Circles $k_1$, with center in $O_1$ and radius $r$ and $k_2$, with center in $O_2$ and radius $2r$, touch internally.Chord $AB$ of circle $k_2$ touch circle $k_1$ in point $T$.Let $p$ be a normal line from $O_2$ onto $AB$, and let her second intersection with circle $k_1$ be point $C$. Let $D$ be the point of intersection of $p$ and $k_2$ which is on the opposite side of $O_2$ in relation to $AB$.Prove that the line $AB$ is a perpendicular bisector of $CD$
[Math] Two circles touch internally
circlesgeometry
Best Answer
Call the point where $AB$ and $CD$ intersect $E$ and the point where the circles touch $F$. Then the line $FT$ also goes through $D$, as the lines defined by $TO_1$ and $DO_2$ are both mutually perpendicular to the line $AB$ and so are parallel.
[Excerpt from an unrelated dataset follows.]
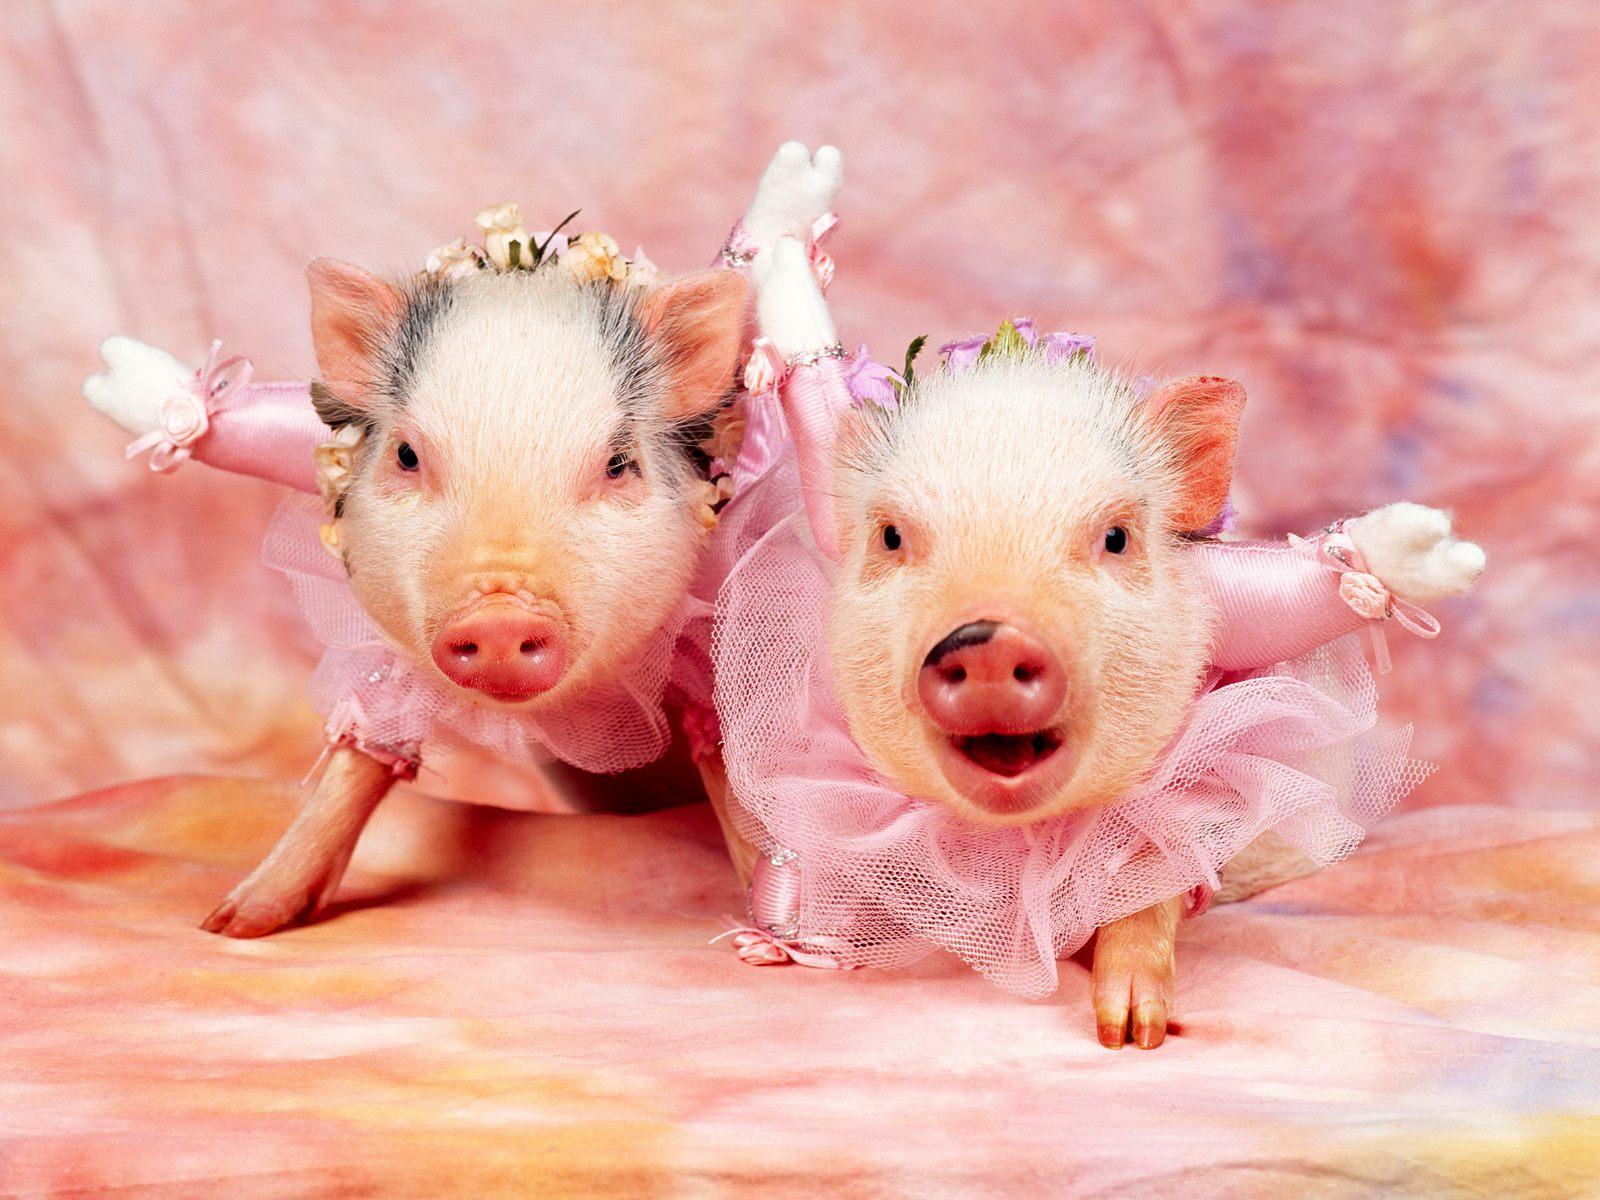 pigs wallpapers pigs wallpapers pigs wallpapers pigs wallpapers pigs 1600x1200

Note that $T$ lies on the circle for which $O_2F$ is the diameter, so angle $O_2 T F$ is a right angle, and so triangle $O_2 T D$ is a right triangle.
By similarity, that means that $\frac{EO_2}{ET} = \frac{ET}{DE}$, or $DE\cdot EO_2 = ET^2$. Also, by the secant-tangent theorem, $EO_2 \cdot EC = ET^2$, so $EC = ED$.